I don't know when my love for eating was overtaken by my love for cooking. When was it that I changed from cooking to eat to eating to cook? It just came gradually, unperceivably slowly. I am frequently asked why I like to cook, as if it is something exceptional. One day recently, I answered, as I had numerous times before, that because I liked to eat well. Suddenly I felt like a liar. I realized that, because I usually ate my creations so quickly, it was more a test and duty than savoring. I no longer cook so that I can have good food to eat. I must at that point admit that I no longer cook to eat but eat to cook! There is a bit of sadness in that realization, as if some innocent pleasure has left me forever.

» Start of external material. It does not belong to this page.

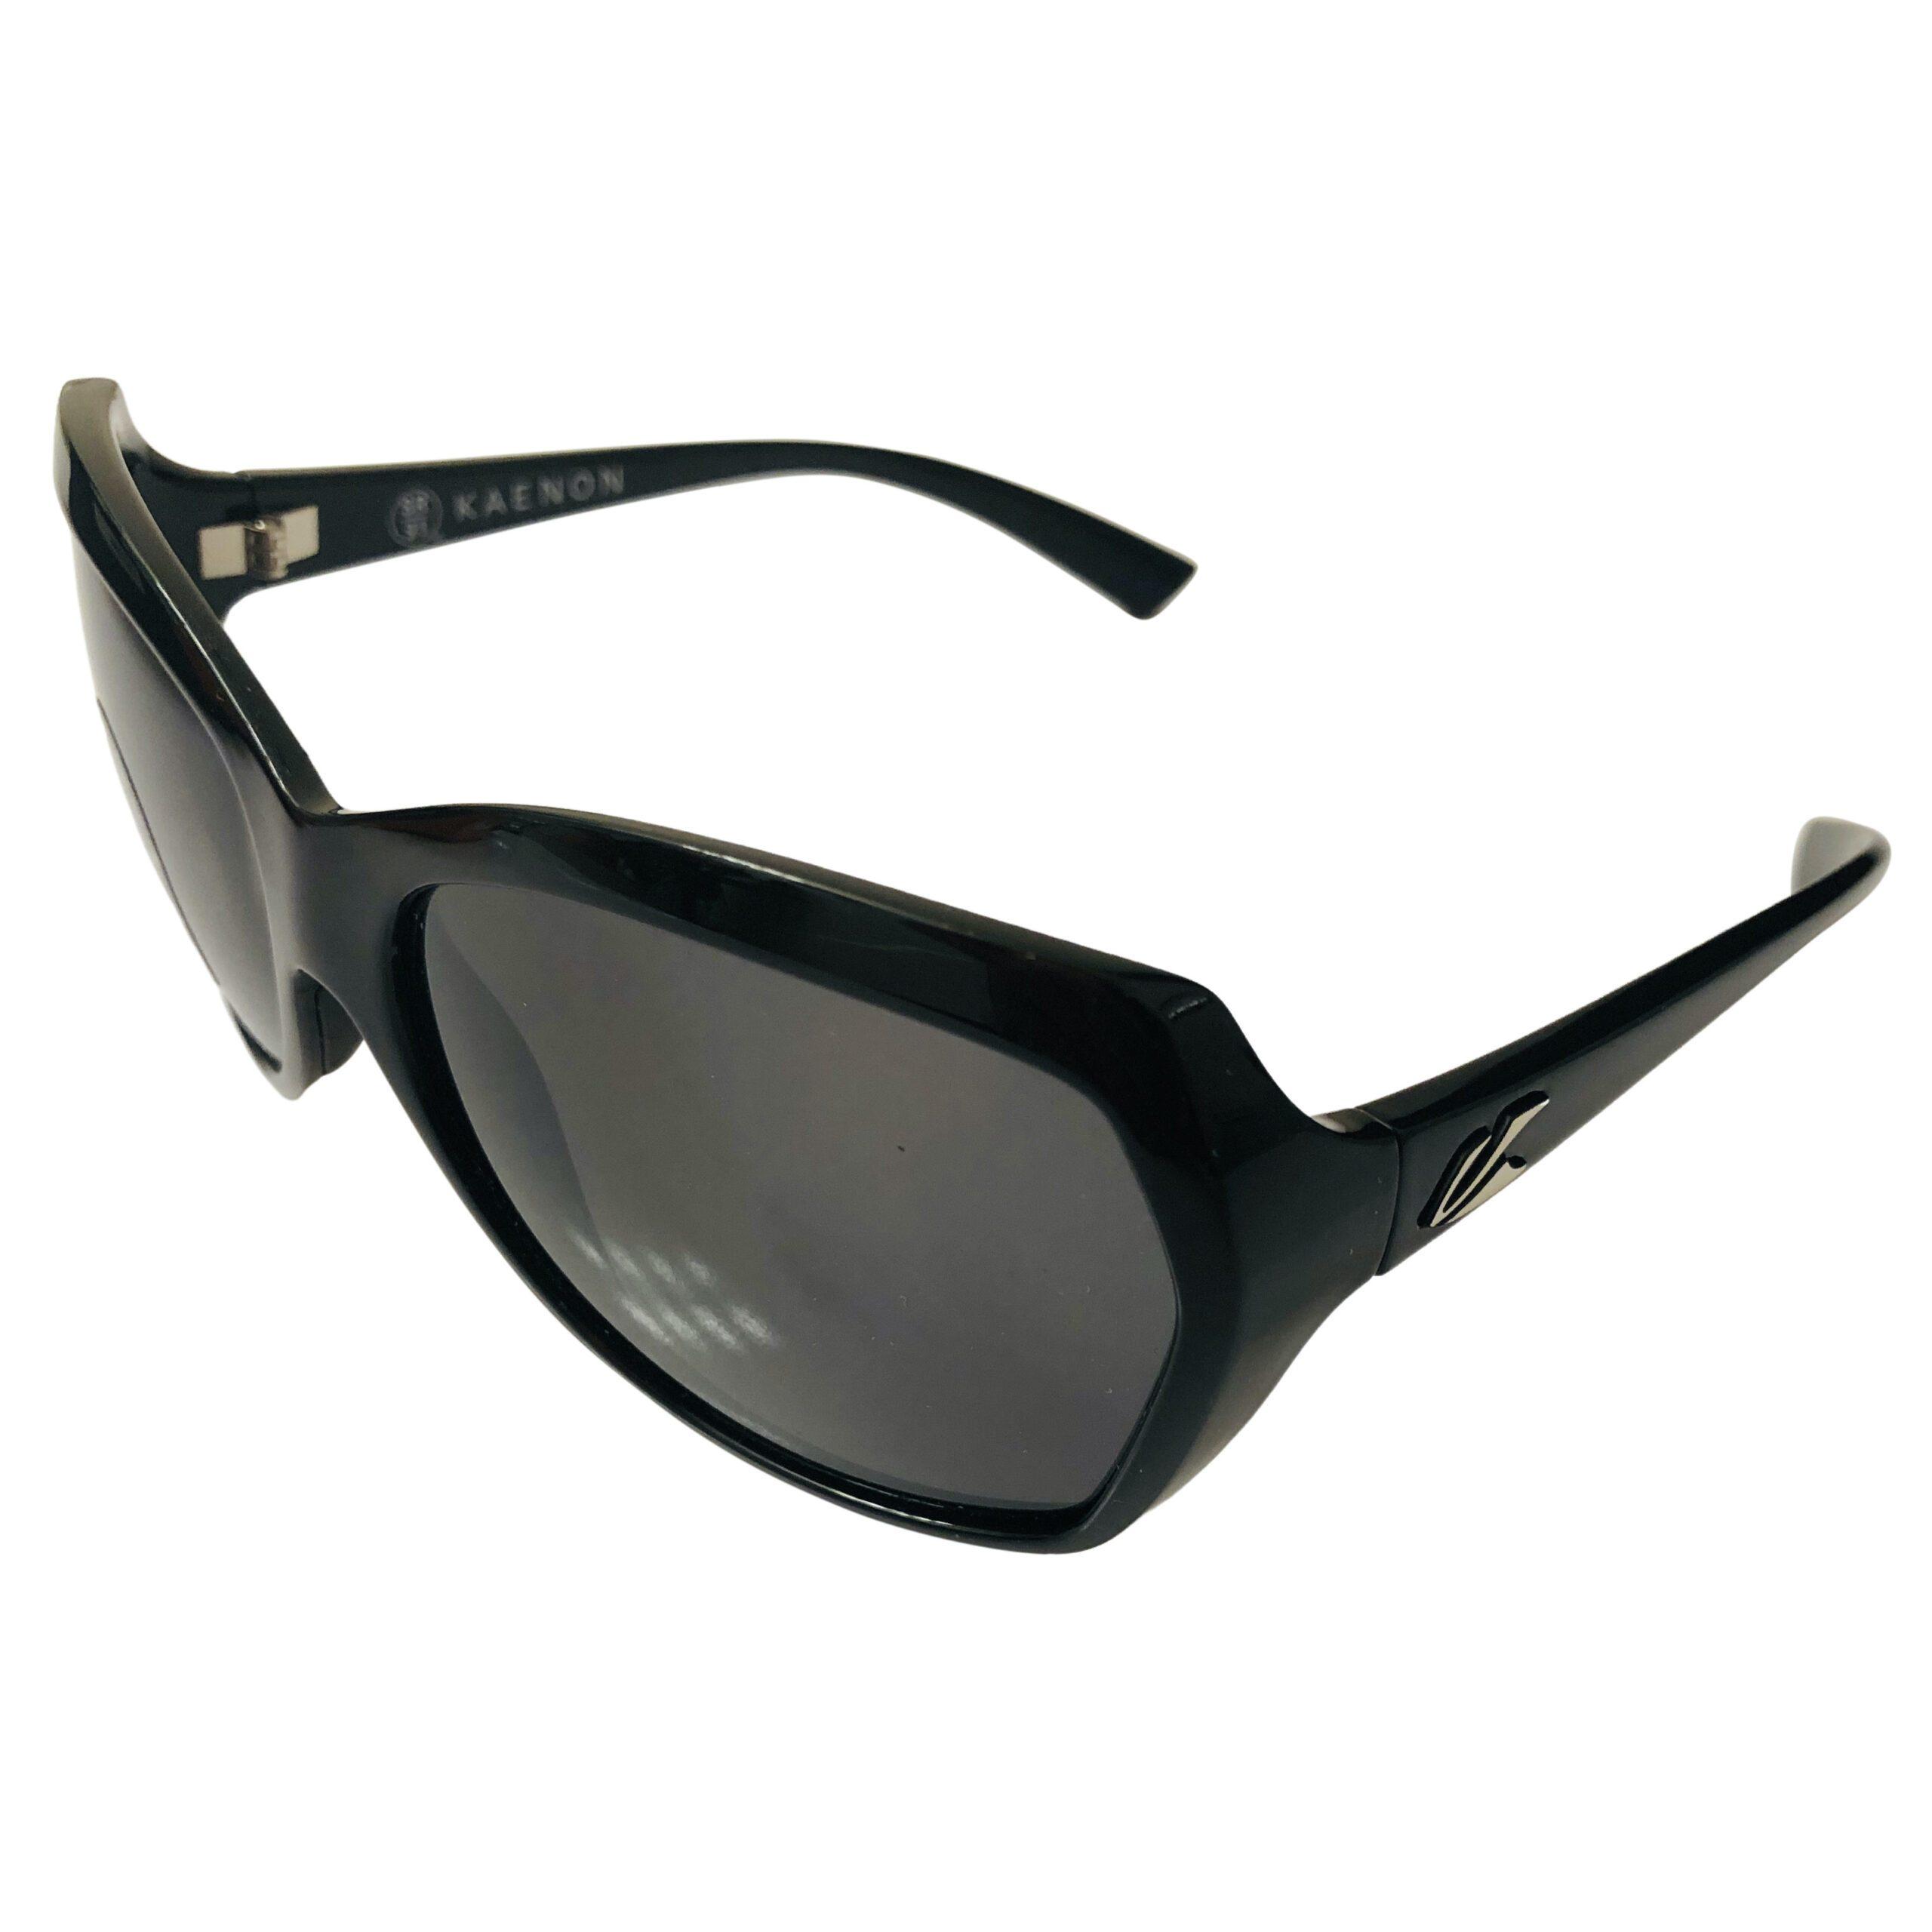 Kaenon Shilo Sunglasses - Black Frame POLARIZED Gray G12 SR-91 Lenses
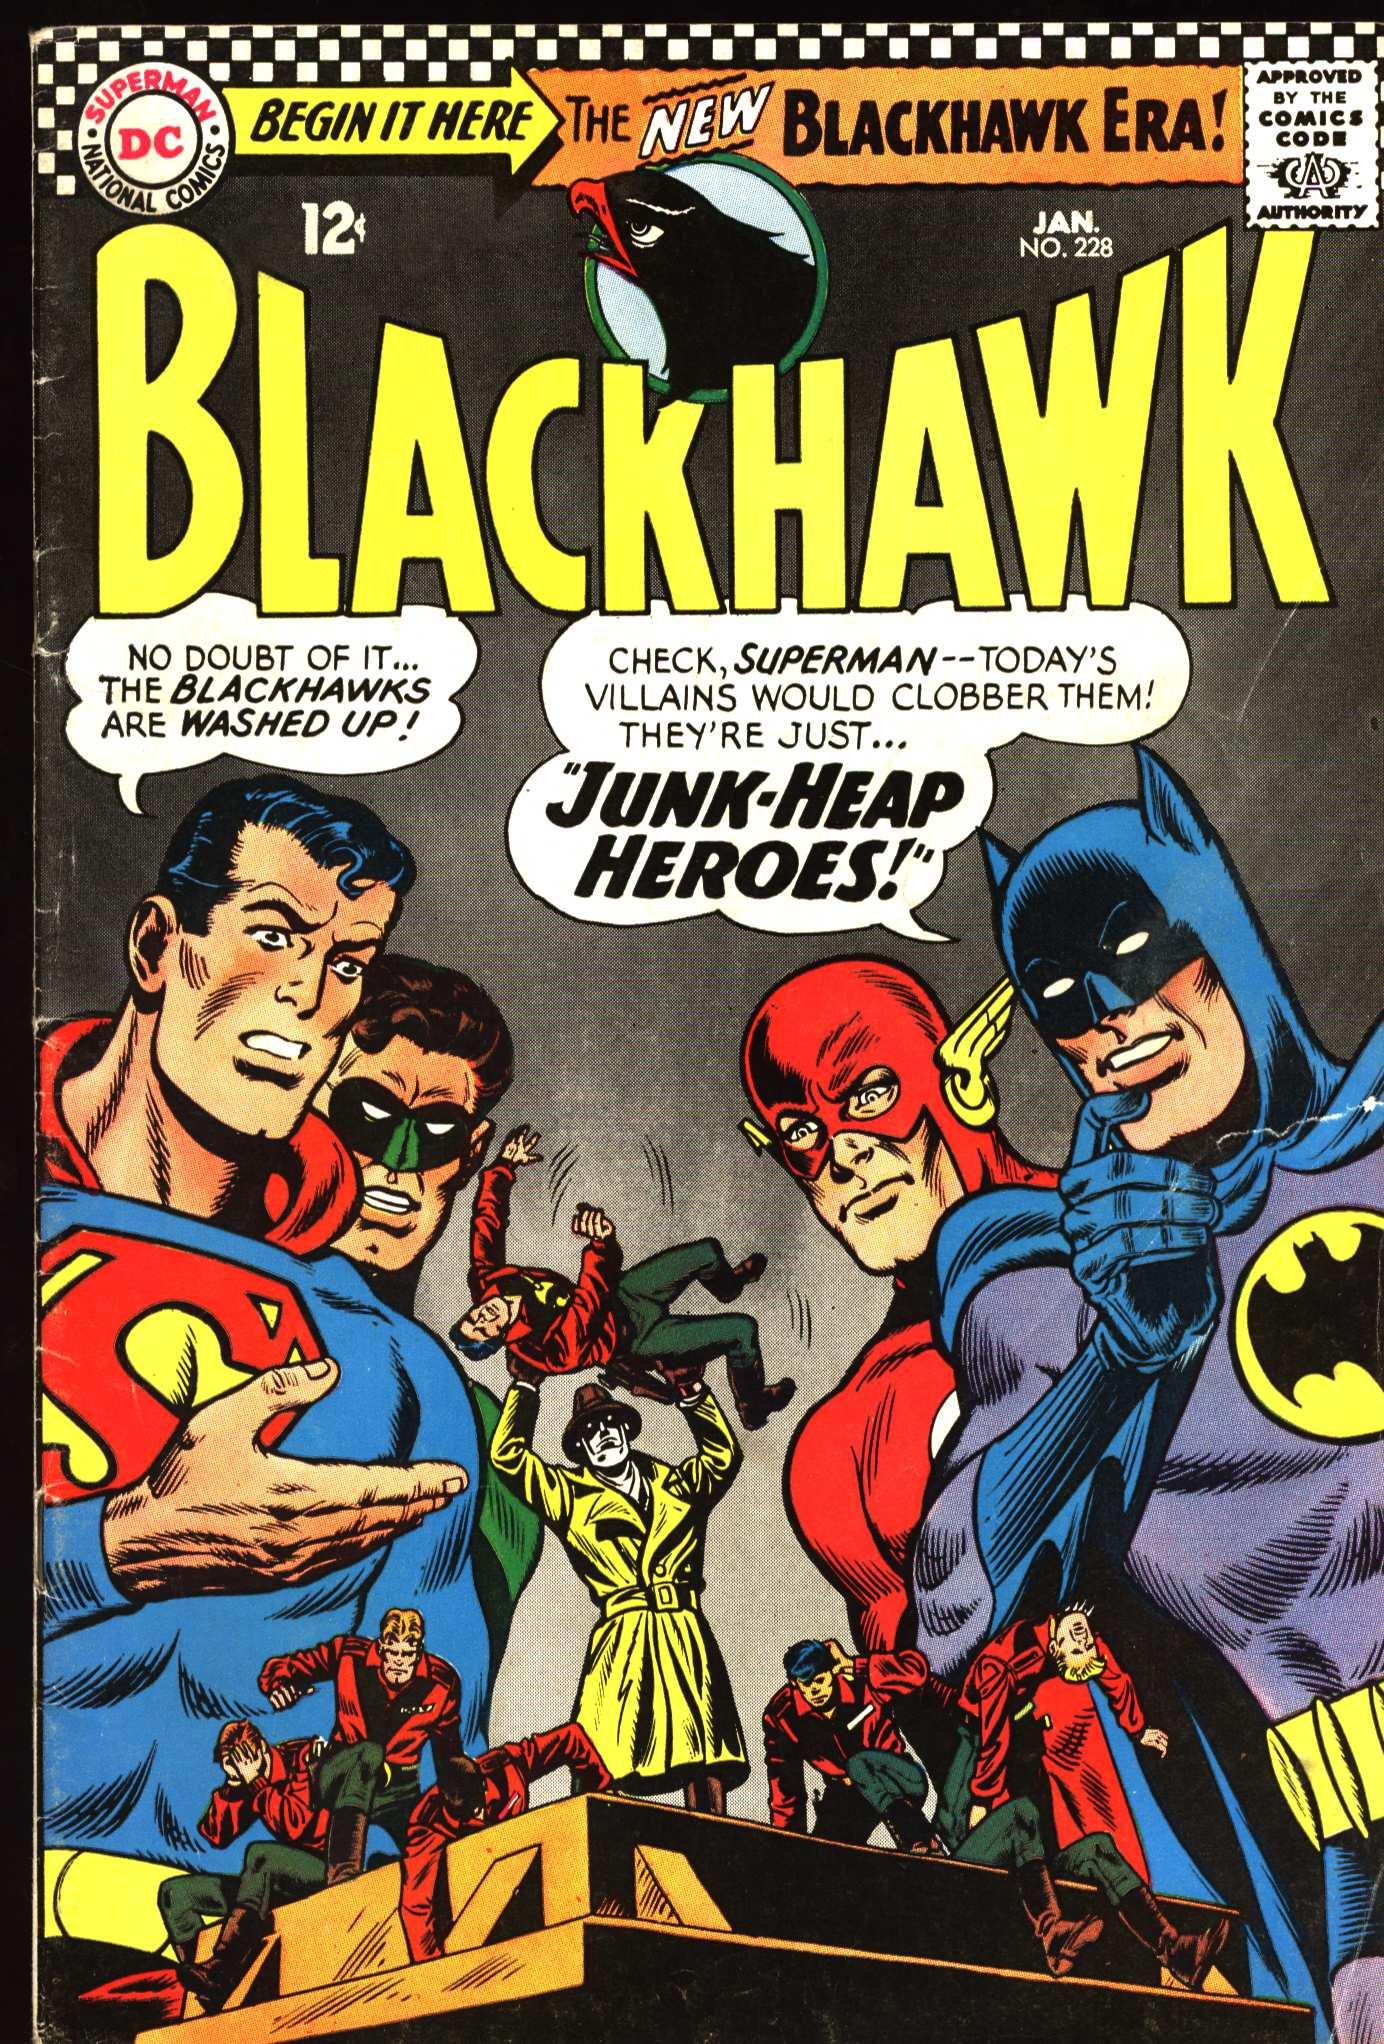 Blackhawk (1957) 228 Page 1

Somehow, my relationship with food has changed from consumption to performance and cooking has become an end in itself. Can I even call myself a gourmand anymore? When the preparation of food is more important than eating the food, it is difficult to pretend to be a gourmand! Fortunately, this is only true when I am cooking. I can still be a dedicated gourmand when it comes to someone else's food, may it be in a restaurant or a friend's dining room. This fact gives me a great deal of relief, like paradise re-found.
Why then can't I enjoy my own food as much as I enjoy others? Is it true that when you are cooking you sort of lose interest in eating? Or, is it because cooking and eating are two related but different roles, too difficult to switch so quickly? My thinking leans toward the latter. Case in point is making Gravlox. There are few things I enjoy making and eating as well as Gravlox in the middle of the summer when I can get those big fat fresh Fraser sockeye salmon from the fishing boat here in Vancouver. It isn't a complicated process but require some good skills in butchering the large fish. There is great pleasure of accomplishment for an amateur to cleanly dissect something so beautiful. The care required to slice perfectly along those soft bones and to pull out the line of pin bones on the fillet display a certain elegance. Then, the mixing and applying of the salt, sugar, pepper, dill and whatever else create an artistic kind of chemistry. Finally, the curing process is nothing but nature doing its work, without my involvement, except for a couple of turnings. It is this curing time that return me to being the eater from being the cook. In relation to the fish, I have time and other activities to extract myself from the role of the cook. When I return to that transformed piece of salmon, I am only the eater with the memory of the cook far back in my mind. The tasting and enjoyment is now pure. It is not the moment of truth, nor a duty to my own hard work; but a simple gourmand indulgence with the added pleasure of having it exactly the way I like it.
Maybe this is the alienation of production in its purist. We take on different roles when we produce and when we consume. When we produce, our enjoyment is fixed in the completion, and thus alienated from the actual purpose of the product, consumption. Similarly, when we consume, we actualize the full potential of the product, good or bad, but are alienated from its material history. The source of this alienation is not a material thing but an ideological thing. It involves a shifting of relations, an adjustment of subjectivity. In other words, it is a matter of re-positioning of oneself. A cook doesn't enjoy his own food quite as much as others because he is not supposed to, in an ideological kind of way.